Abbreviations: DR, diabetic retinopathy; NHW, non-Hispanic Whites; ACR, albumin/creatinine ratio; ETDRS, early treatment of diabetic retinopathy study score; LDL-C, low-density lipoprotein–cholesterol; BMI, body mass index (kg/m²); eGFR, estimated glomerular filtration rate.

Three subjects could not be classified because of missing retinopathy data in one eye at one of the time points.

P-value between DR worsening and no worsening of DR groups.

Of 152 participants, 42 (28%) had DR worsening over a mean of 1.6 years after an AID initiation. Most of these progressions were from no DR to mild non-proliferative DR. The baseline characteristics of participants by two groups (DR worsening and no-DR worsening) are shown in Table 1. Baseline HbA_1c was significantly higher in the DR worsening group compared with no-DR worsening group (8.0 ± 1.5 vs 7.4 ± 1.1; P = .02). Participants with DR worsening had higher HbA_1c after AID initiation (7.7 ± 1.5 vs 7.0 ± 0.9; P = .003), higher LDL-C (95 ± 28 vs 82 ± 24; P = .008), and higher eGFR (102 ± 16 vs 95 ± 19; P = .048) compared with no-DR worsening group. Mean age, diabetes duration, gender, insurance type, race/ethnicity, smoking status, presence of hypertension, BMI, ETDRS scores, and albumin/creatinine ratio did not differ (P > .05) between two groups at baseline. Although HbA_1c was significantly higher in the DR worsening group, both at baseline and after starting the AID system, the difference in the HbA_1c improvement with AID initiation between two groups was not significant (−0.38 ± 1.2 vs −0.47 ± 0.9; P = .6).

The time course of mean HbA_1c and ETDRS scores before and after AID initiations were shown in Figure 1. After the AID initiation, HbA_1c decreased significantly over time (P < .0001). In mixed models, there was no significant change in ETDRS score in either eye by time interval (P = .3 for Left Eye [OS], P = .4 for Right Eye [OD]), and no association between ETDRS score and HbA_1c over time (P = .8 for OS, P = .5 for OD). However, in logistic regression adjusted for age, diabetes duration, and sex, higher baseline HbA_1c was associated with a two-fold increase in risk for DR worsening (odds ratio [OR] = 2.1, 95% CI = [1.34-3.04], P = .0008) and independently, a 1% (11 mmol/mol) higher baseline HbA_1c was associated with a nearly two-fold higher risk for DR worsening (OR = 1.77, 95% CI = [1.1-2.88], P = .02). Patients meeting a composite variable of LDL>100 mg/dL and baseline HbA_1c >8% (>64 mmol/mol) (n = 16) had a three-fold increased risk for DR worsening (OR = 3.33, 95% CI = [1.12-9.91], P = .03).

Figure 1.

Mean HbA_1c and retinopathy grade (ETDRS scores) for both eyes before and after AID initiation.
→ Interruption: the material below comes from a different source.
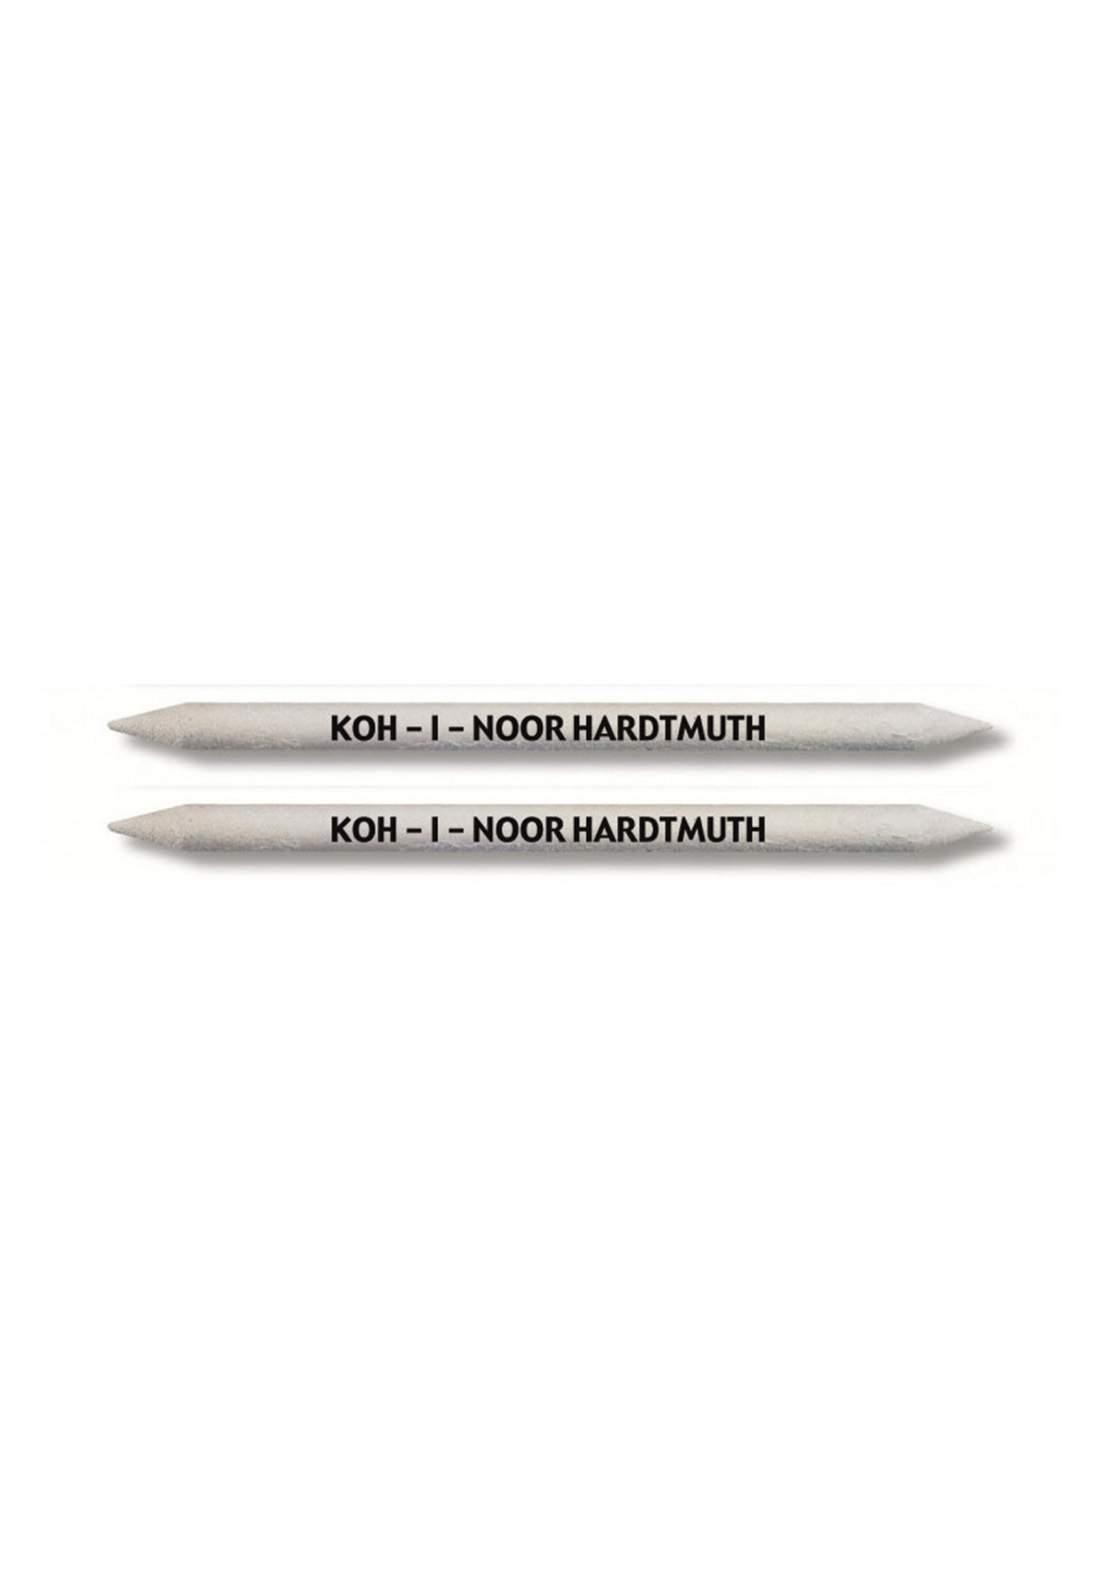 Koh-I-Noor Hardtmuth 7 х 120 mm سيت مدعكة ثنائية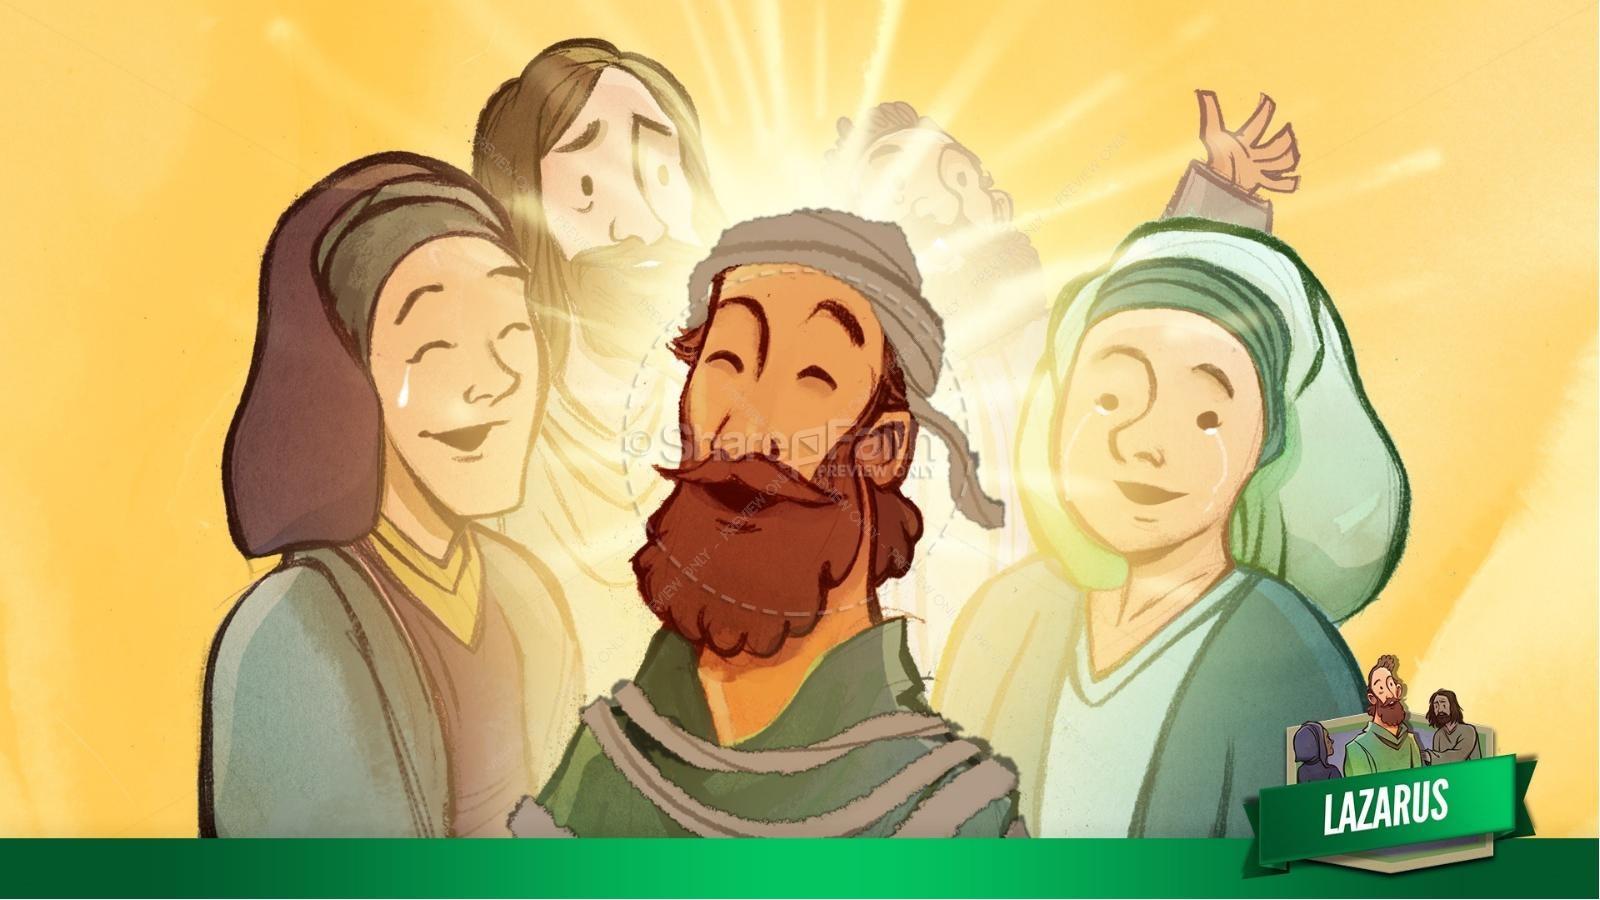 John 11 Lazarus Kids Bible Stories

There was no correlation between the change in HbA_1c and the worsening of DR stepwise changing (r = −0.006, P = .9). There was no significant difference in DR stepwise change between DR worsening and no-DR worsening groups for either OS (P = .3) or OD (P = .2) at baseline, whereas it differed significantly between two groups after AID initiation OS (P < .001) or OD (P < .001). Changes in severity of retinopathy among DR worsening group are shown in Figure 2.

Figure 2.

Qualitative eye examinations of DR worsening (n = 42) group at baseline and after AID initiation.

Discussion

To our knowledge, this is the first study that investigated DR progression after AID initiation in adults with type 1 diabetes. Prior studies have suggested a rapid decline in HbA_1c as one of the major reasons for DR worsening.^1-5,^13-15 In addition, we found that LDL >100 mg/dL as one of the risk factors for DR worsening. Hyperlipidemia is a known risk factor for diabetic microvascular complications.^16-19 Therefore, adequate treatment of lipids with the goal of LDL <70 mg/dL as recommended by the American Diabetes Association should be achieved in adults with type 1 diabetes¹⁶ especially in the presence of microvascular complications. High HbA_1c and high cholesterol are also acknowledged as risk factors for DR by the National Health Service (NHS).²⁰ The NHS established a 5-year AID implementation strategy for almost all people with type 1 diabetes to improve their glycemic control, quality of life, and reduce mental burden.²¹ However, there is no guidance on monitoring retinopathy after initiating AID. Based on our research, more frequent DR screening and monitoring should be considered for those who may be at high risk for proliferative retinopathy.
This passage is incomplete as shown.